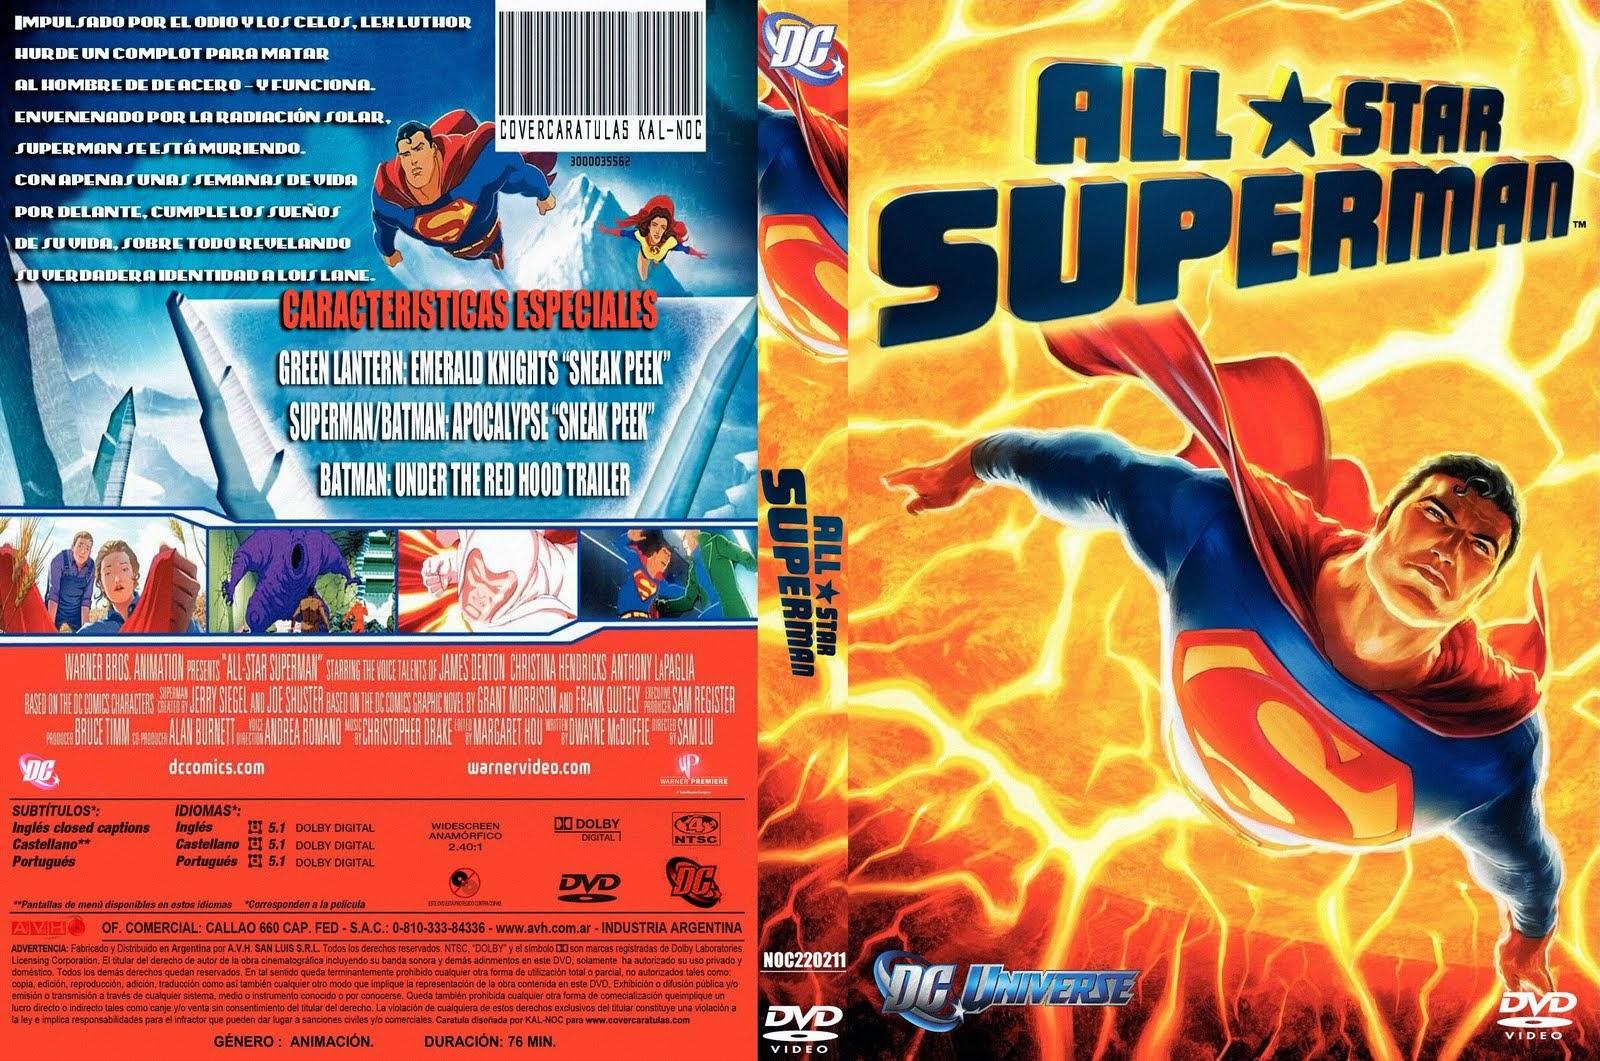 All Star Superman (2011) DVD5
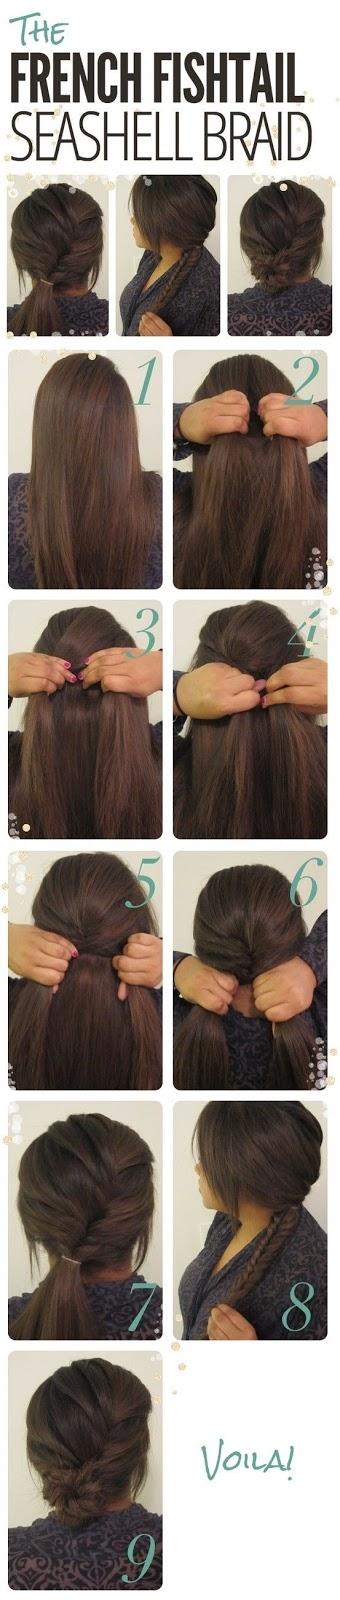 5 braid, pony and bun hairstyles for busy nurses
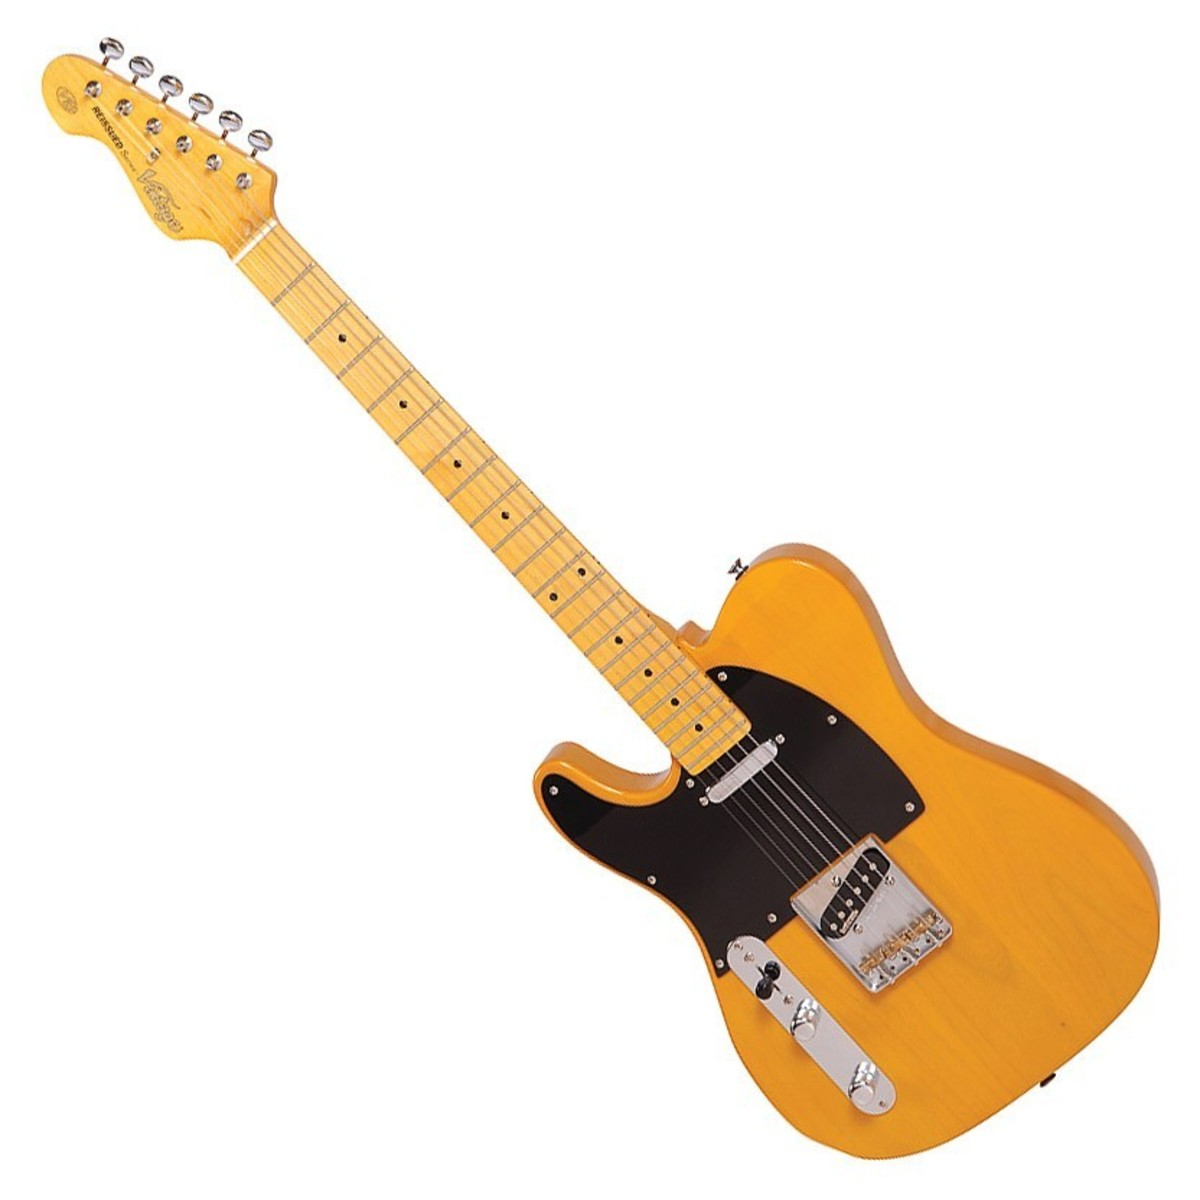 Image of Vintage Reissued V52 Left Handed Electric Guitar Butterscotch - B-Stock
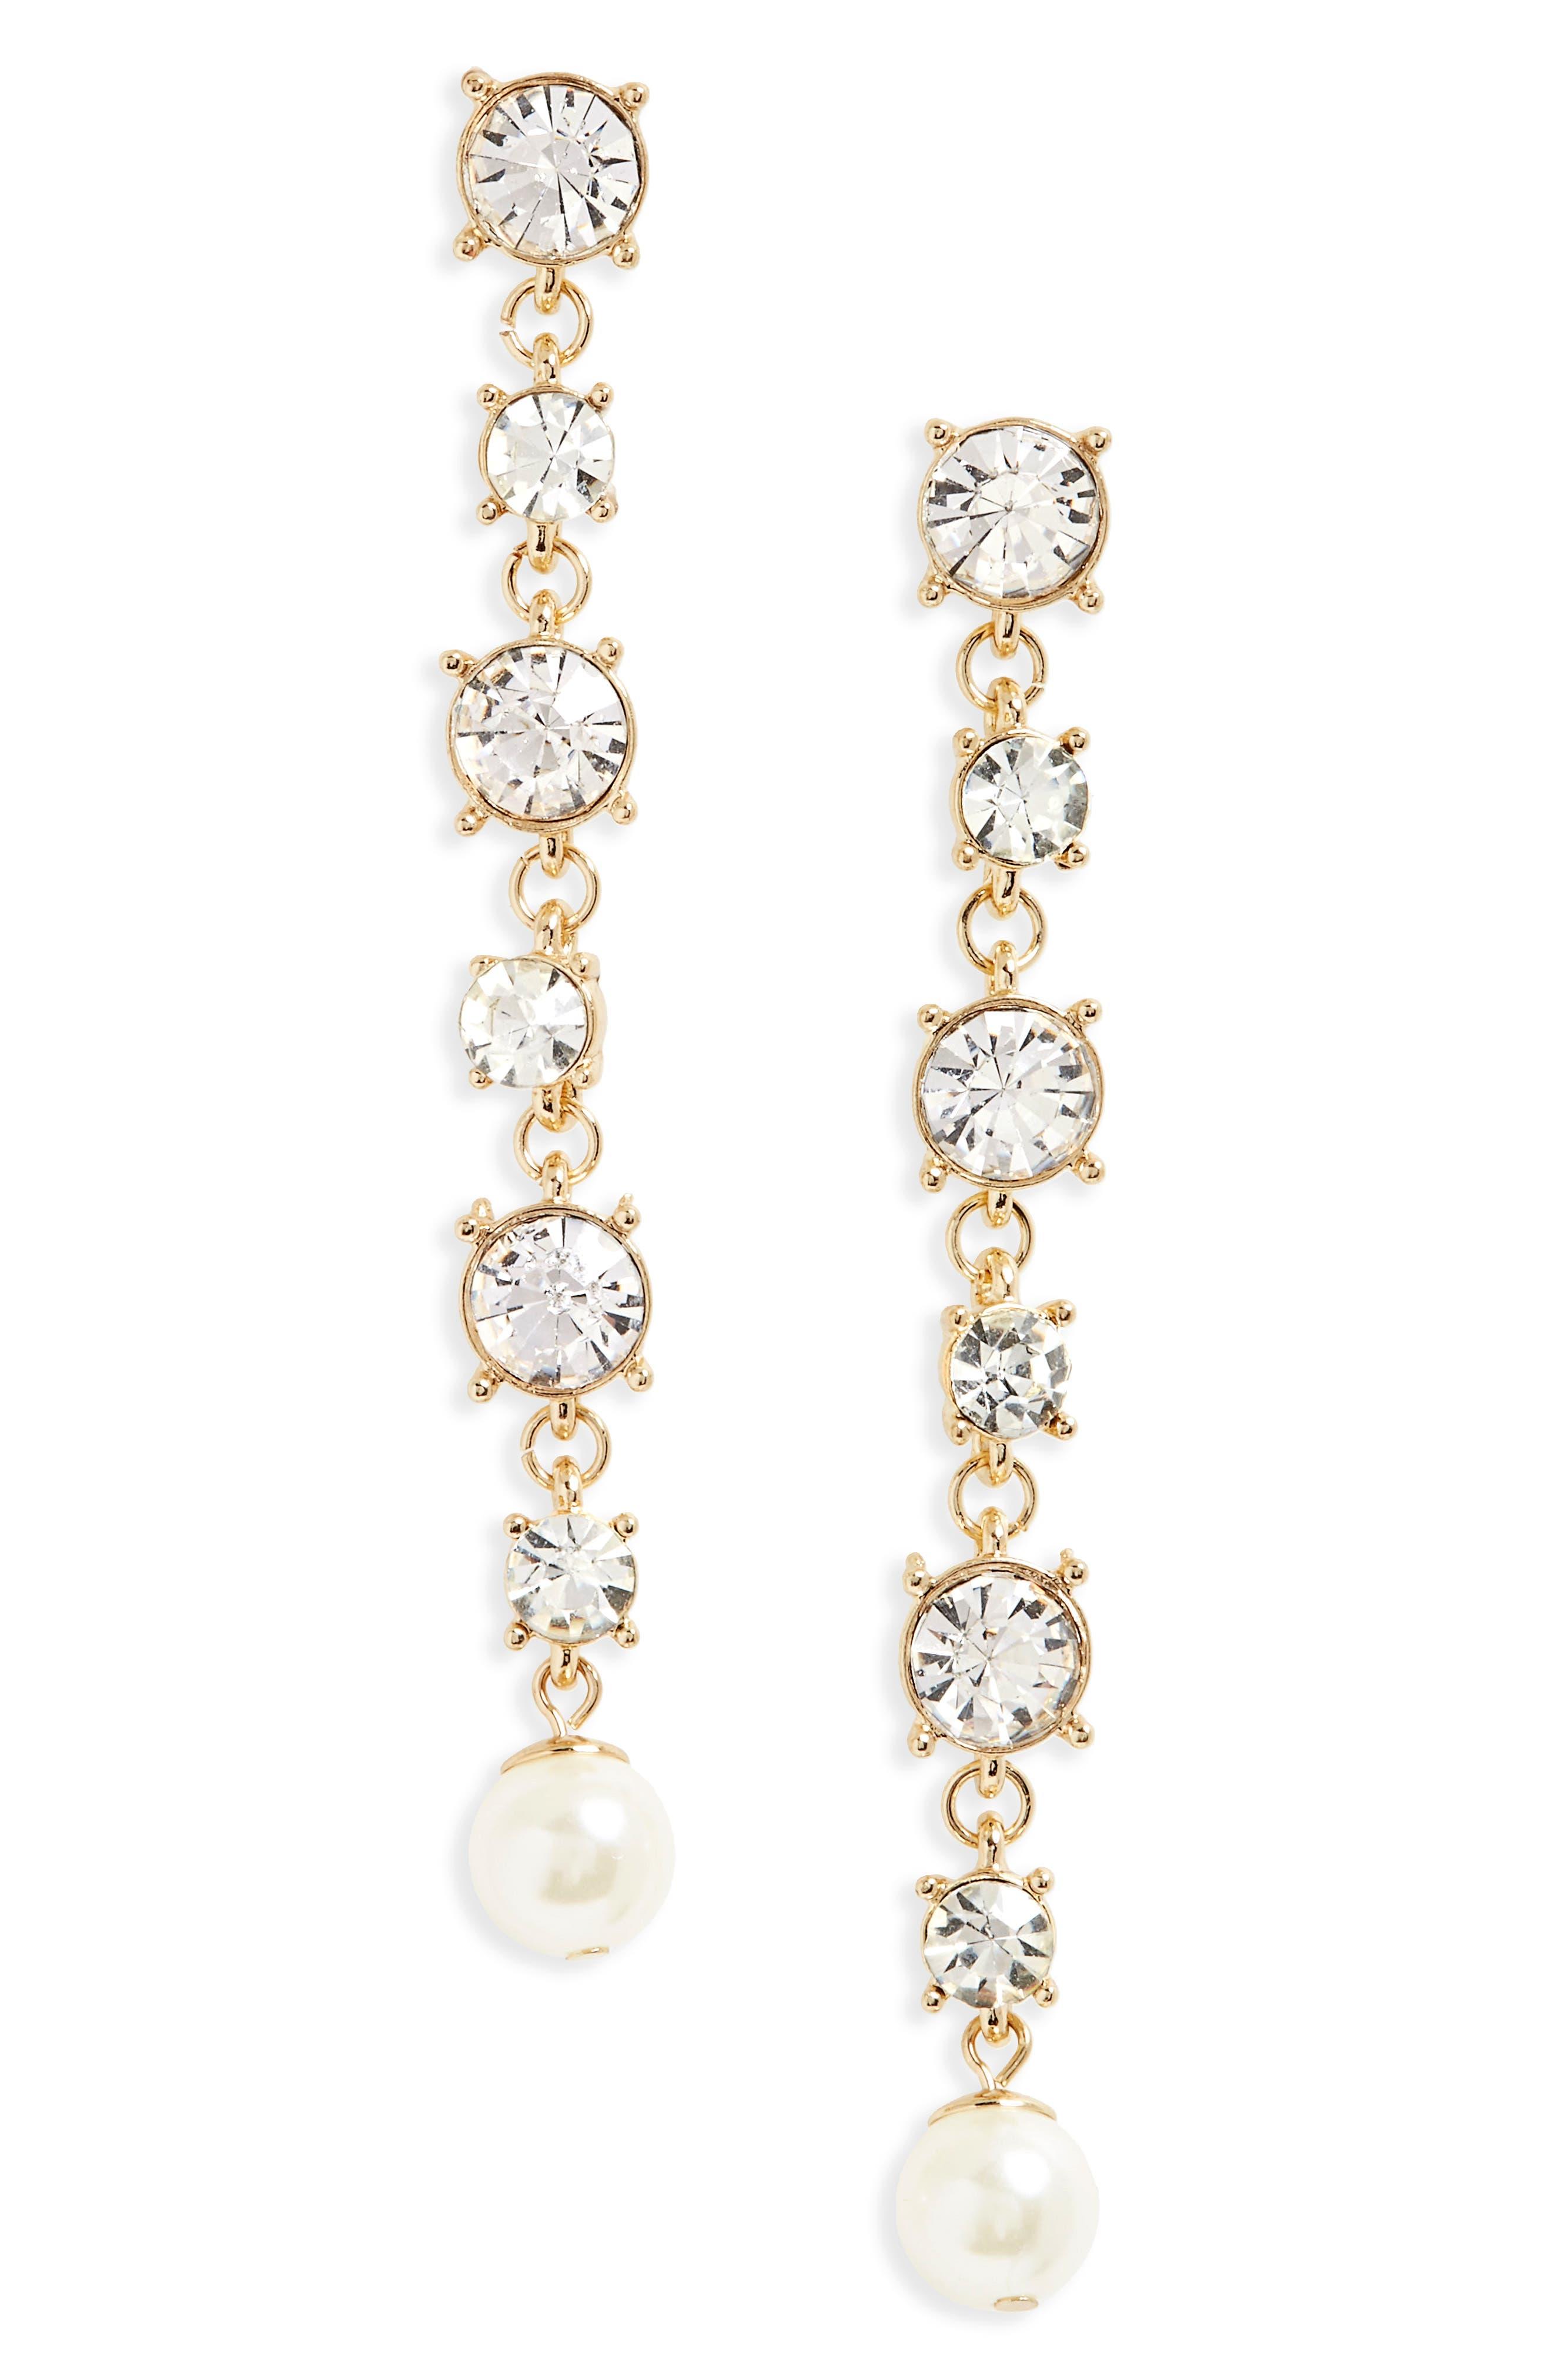 Alternate Image 1 Selected - Girly Crystal & Imitation Pearl Drop Earrings

WORK ITEM
Write out every line above exactly, minus images.

REPLY
 All Star Superman (2011) DVD5
 5 braid, pony and bun hairstyles for busy nurses
 Image of Vintage Reissued V52 Left Handed Electric Guitar Butterscotch - B-Stock
 Alternate Image 1 Selected - Girly Crystal & Imitation Pearl Drop Earrings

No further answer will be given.